Lundi 4 août 2008 à 17 h 18
Voilà maintenant bien 6 mois que, un peu contraint de vendre ma vieille bécane de jeux histoire d'acheter un portable en vu de mon séjour aux US, j'en ai profité pour récupérer une 360 - afin de pouvoir toujours jouer de temps à autres.
'Faut dire aussi que pas mal de jeux sur la console de 'Crosoft avait réussi à attiser ma curiosité - alors qu'en comparaison, à part STALKER, j'avais trouvé l'actu' PC assez morne (ok, y avait bien ArmA, mais à son lancement, il était bien pourri par les bugs et une IA déséquilibrée).

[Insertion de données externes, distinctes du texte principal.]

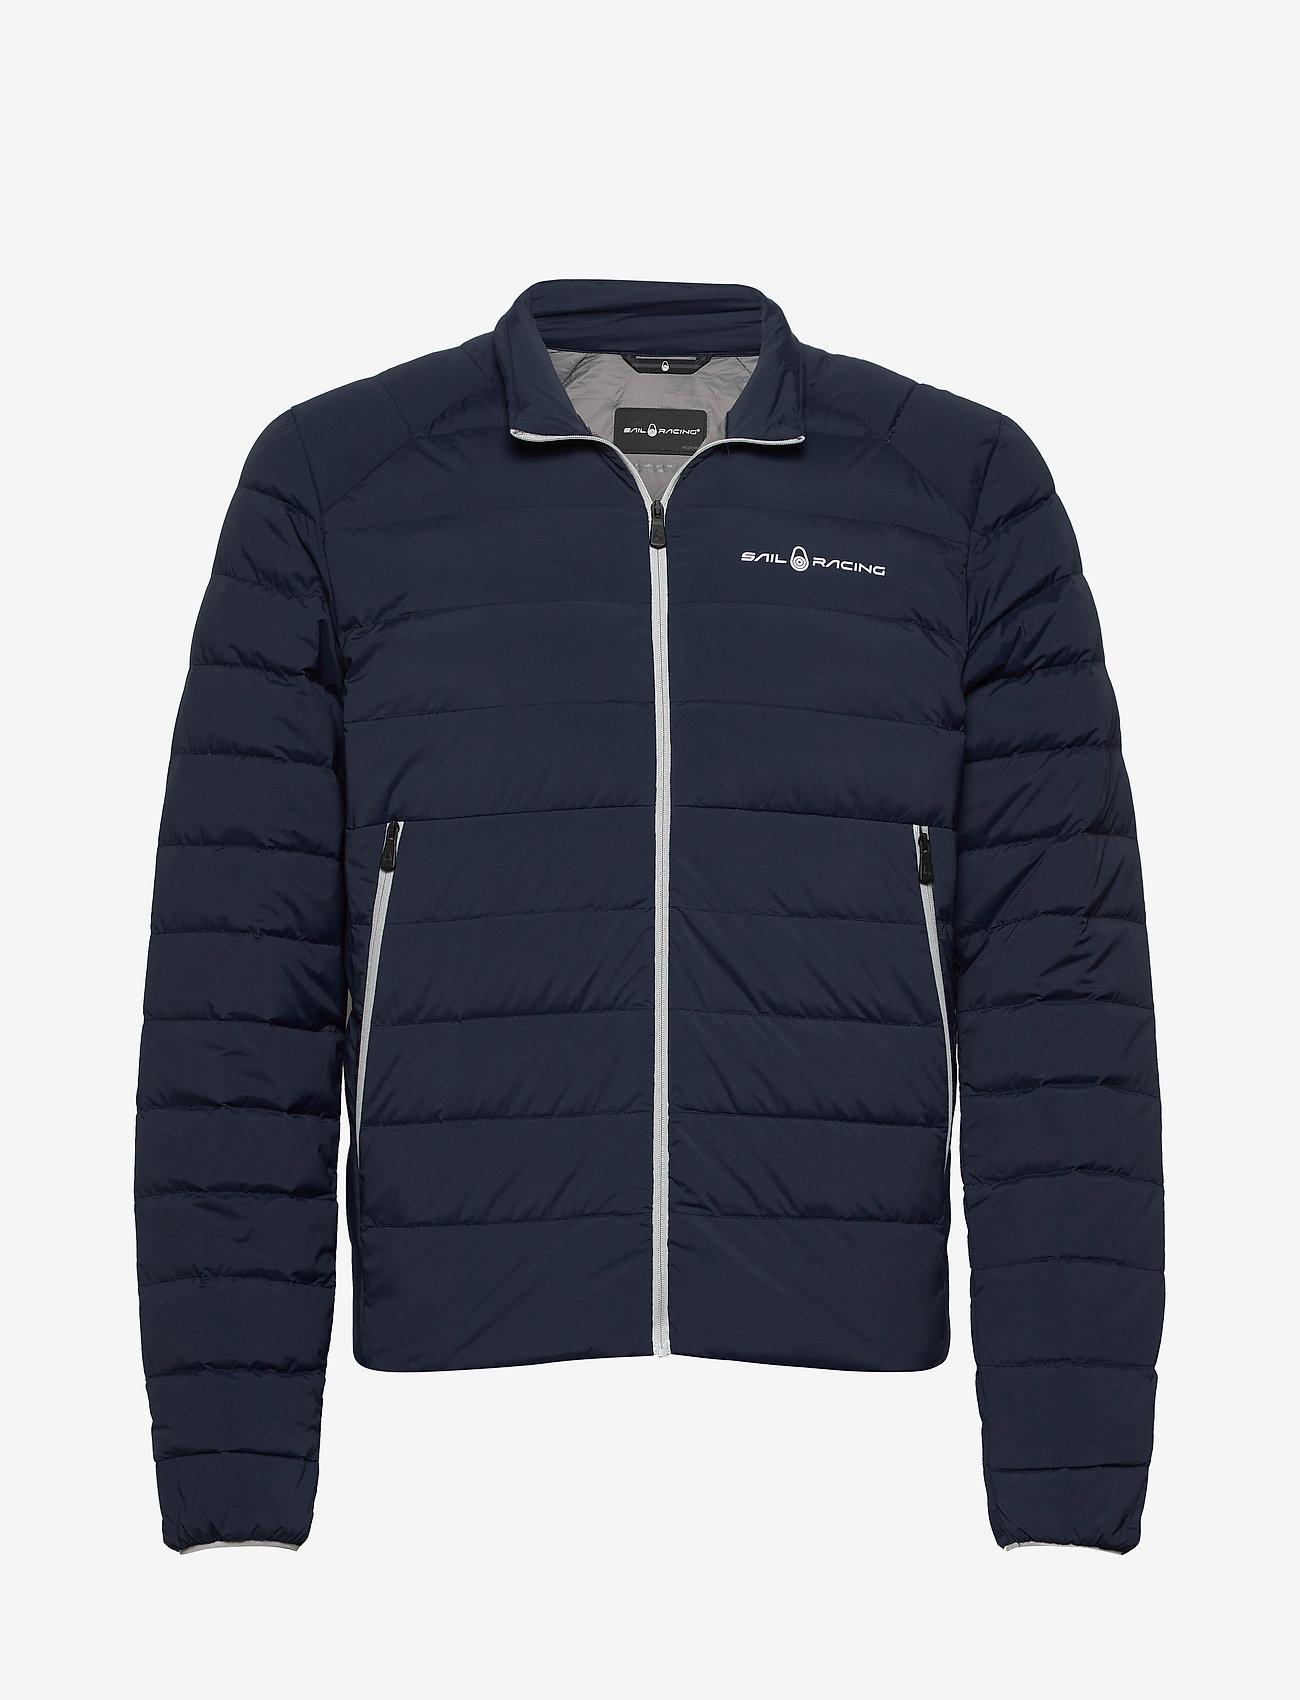 Sail Racing - SPRAY DOWN JACKET - down jackets - navy - 0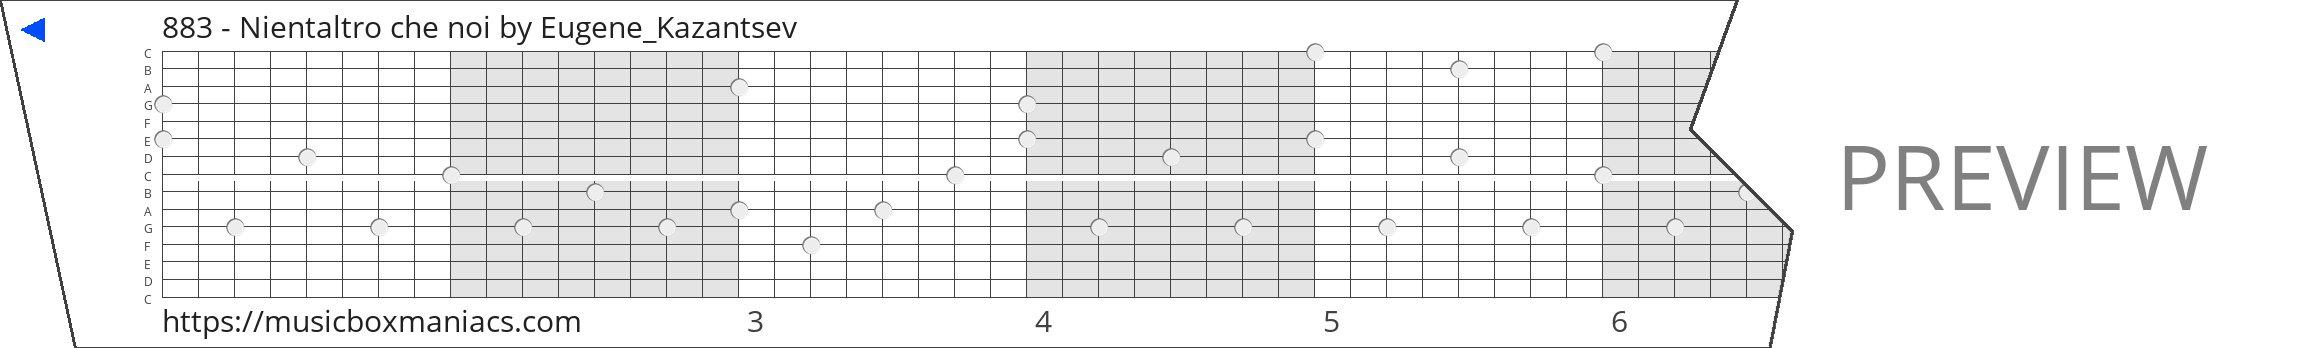 883 - Nientaltro che noi 15 note music box paper strip

Maintenant que pas mal de jeux sympa sont sortis ou vont sortir sur PC (Crysis, Clear Sky, ArmA 2, Project Origin voire GTA IV ?), je me tâte pour me racheter une petite bécane de jeux.
Surtout que les prix ont rarement été aussi bas, et que la course aux ultra-hautes résolutions m'arrange bien, en tant qu'utilisateur de vidéoprojecteur HD Ready (=1280*720 pixels; autant dire qu'avec des cartes faisant tourner tous les jeux actuels en 1600*1200 full AA et AF à 60-80 FPS, j'aurai le temps de voir venir avant que ça ne rame sur ma toile :).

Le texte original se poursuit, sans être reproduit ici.